Poi la grande messa in scena. Di fronte all’impossibilità di disinnescare la mina l’unica preoccupazione da parte del colonnello è
che nessuno lo venga a sapere: “Se i giornalisti lo vengono a sapere ci massacreranno”. Ed ecco l’annuncio ufficiale: la mina è
stata disinnescata, il soldato viene portato all’ospedale e alla sera ci sarà per tutti i giornalisti una bella conferenza stampa. E
quando Arizona 2 s’accorgerà dell’inganno, dovrà sorbirsi la cinica morale del colonnello: “Mai ficcare il naso negli affari che non
ci riguardano”.
Tutti se ne sono andati. Il sole sta tramontando. Con una dissolvenza l’immagine passa ad inquadrare il corpo immobilizzato di
Cera, con un’angolazione a piombo, zoomando all’indietro. Riprende la musica dolente dell’inizio. Ne emerge un tragico senso
di impotenza: il suo destino è inevitabilmente segnato.
Si può concludere dicendo che purtroppo tutto è stato inutile. Gli sforzi, anche sinceri (come quelli di Arizona 2 e di Jane), di
salvare alcune vite umane, vengono vanificati da un rancore e da un odio etnico che sembrano insanabili (per quanto riguarda
Ciki e Nino) e dalla stupida e incosciente atrocità che caratterizza la logica della guerra (per quanto riguarda Cera).

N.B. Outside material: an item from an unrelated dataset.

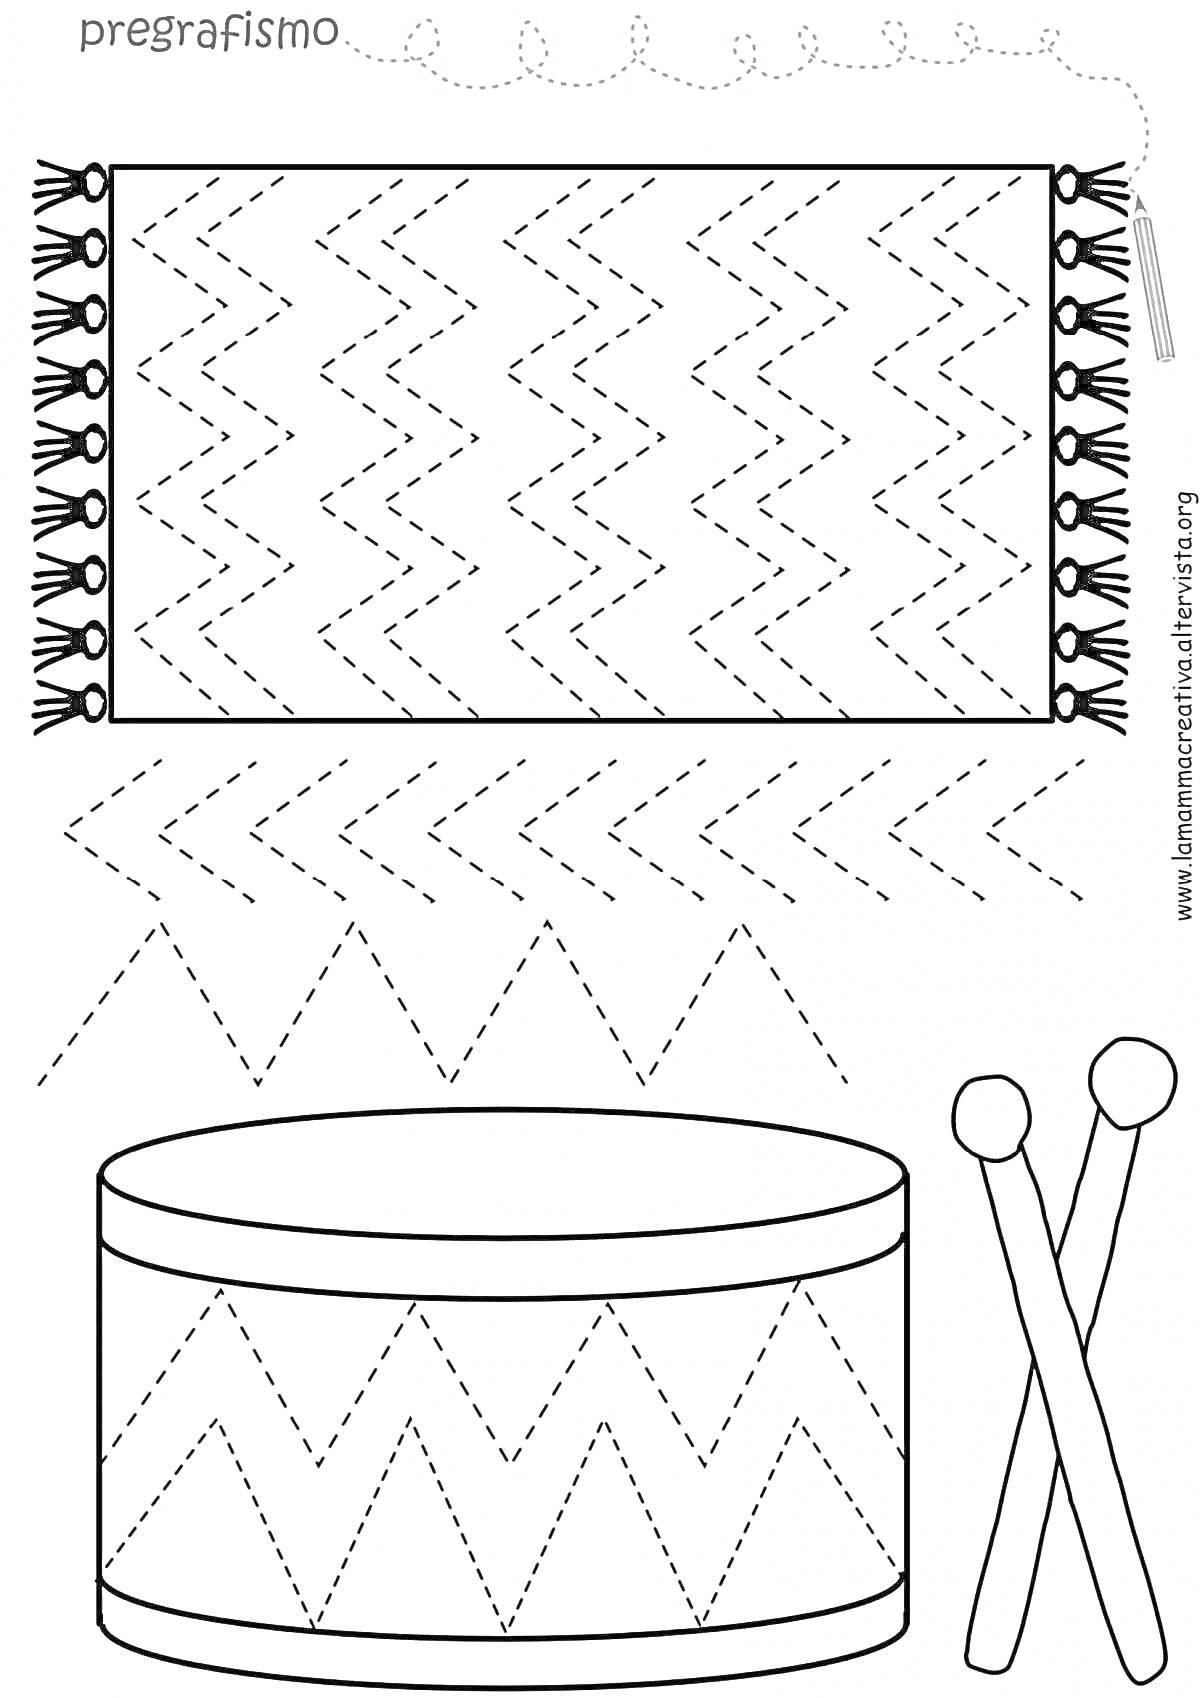 Полотенце с зигзагообразным узором и барабан с палочками
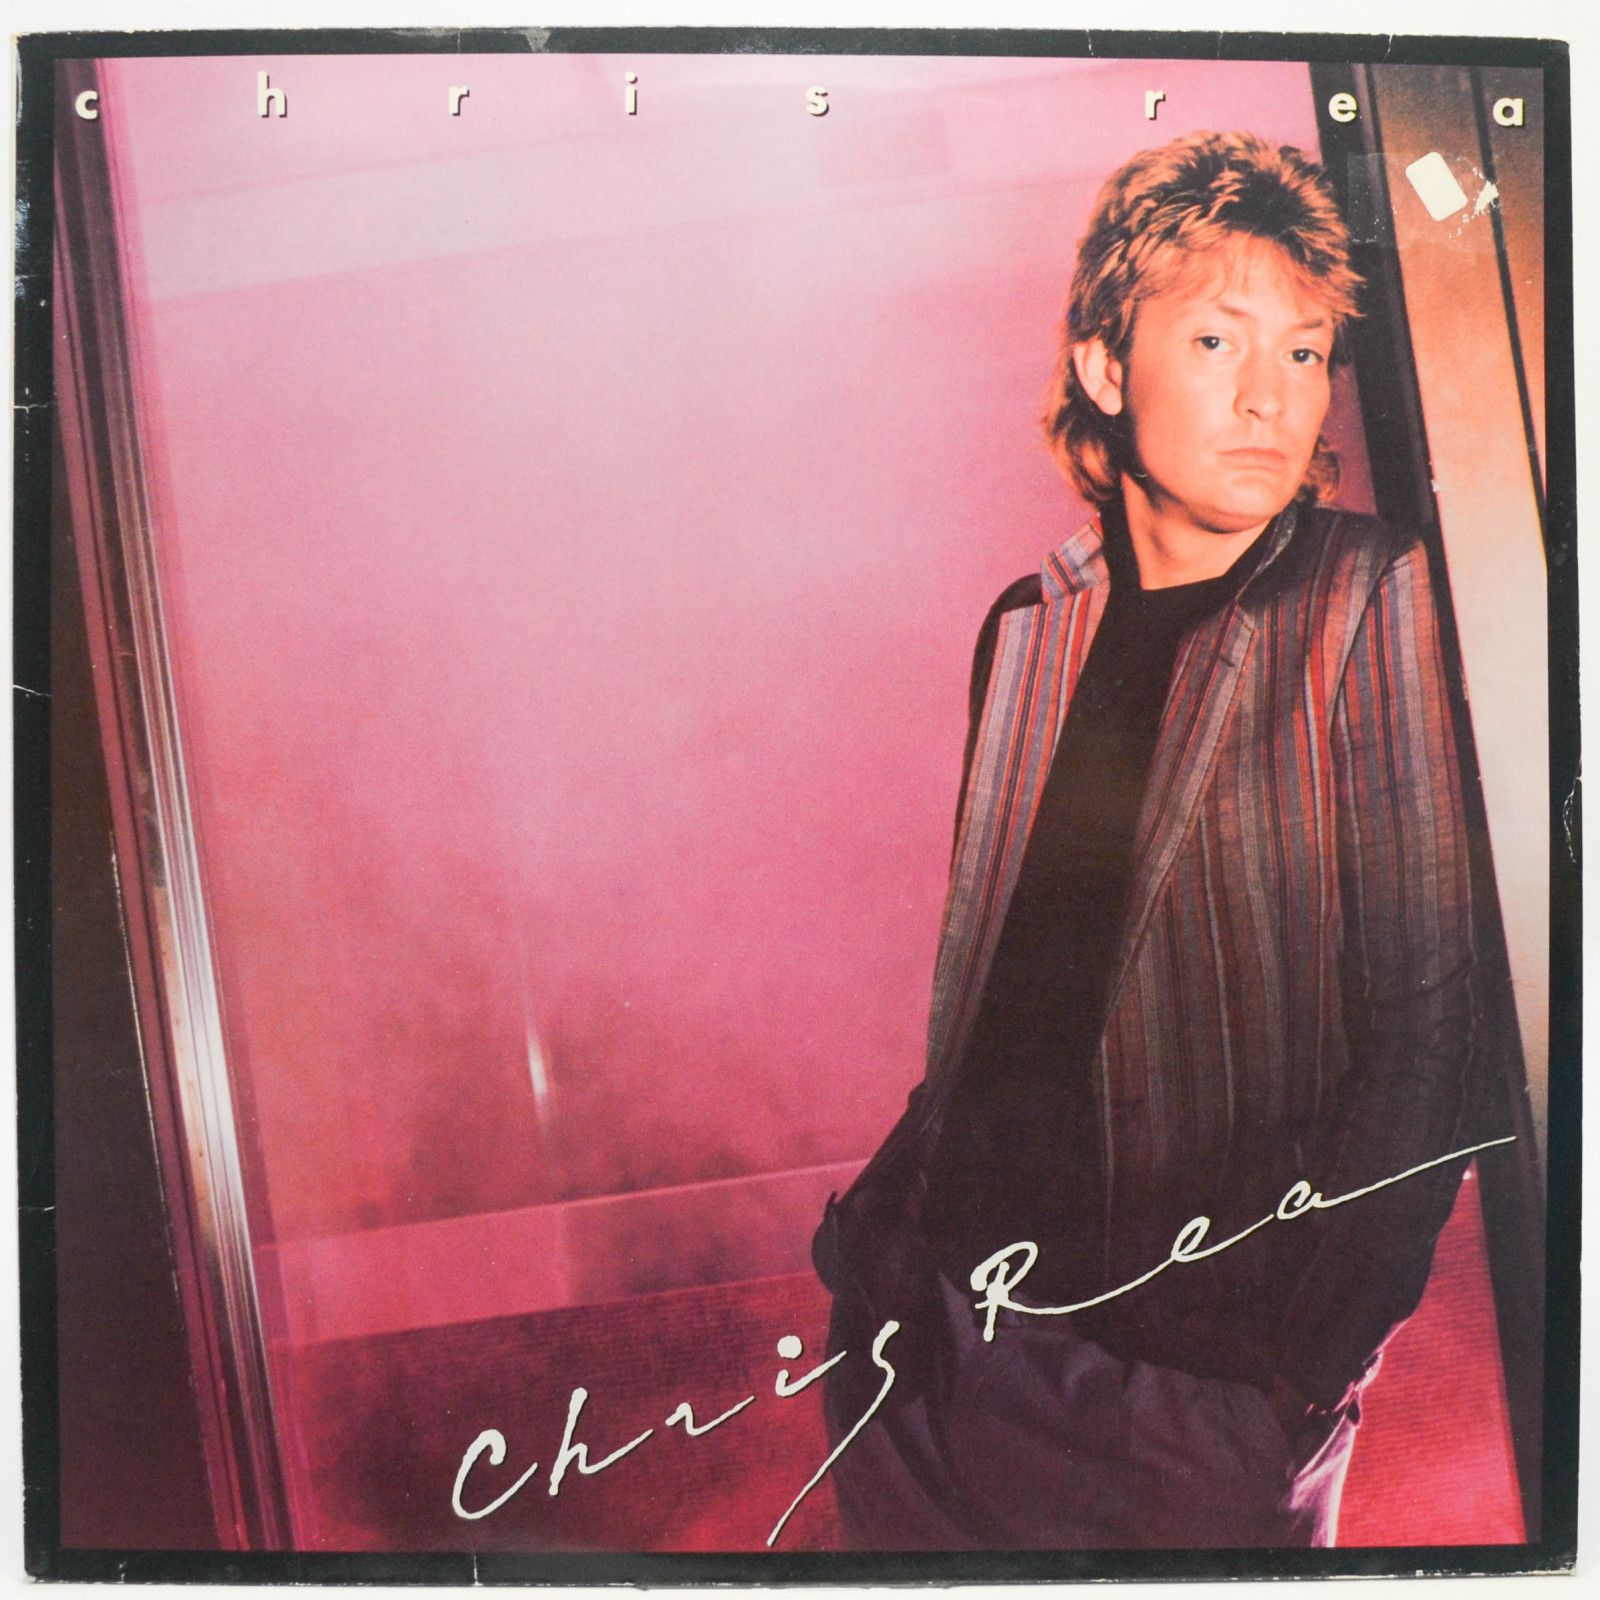 Chris Rea — Chris Rea, 1981

Nonostante il finale straziante, il film non è cupo e greve come si potrebbe immaginare, in quanto permeato da quello spirito
slavo di cui si parlava all’inizio. Lo stile varia continuamente, passando dal tragico al grottesco, dal realistico al surreale, con
punte di comicità e di umorismo che nascono da varie situazioni o battute. Così i militari dell’ONU vengono chiamati “Puffi” dai
contendenti; i soldati sembrano essere più preoccupati delle sigarette che delle ferite; chi si combatte parla la stessa lingua,
mentre chi dovrebbe far da paciere non riesce a farsi capire; la stessa morte viene talvolta irrisa o sbeffeggiata. Fulminante
anche la battuta iniziale sulla differenza fra un ottimista e un pessimista: il pessimista dice: “Non poteva andare peggio” e
l’ottimista dice: “Poteva… poteva…”.
Opera originale e fresca, particolarmente adatta non solo per parlare della guerra dei Balcani, ma anche e soprattutto per
denunciare l’odio etnico e l’assurda e crudele logica della guerra.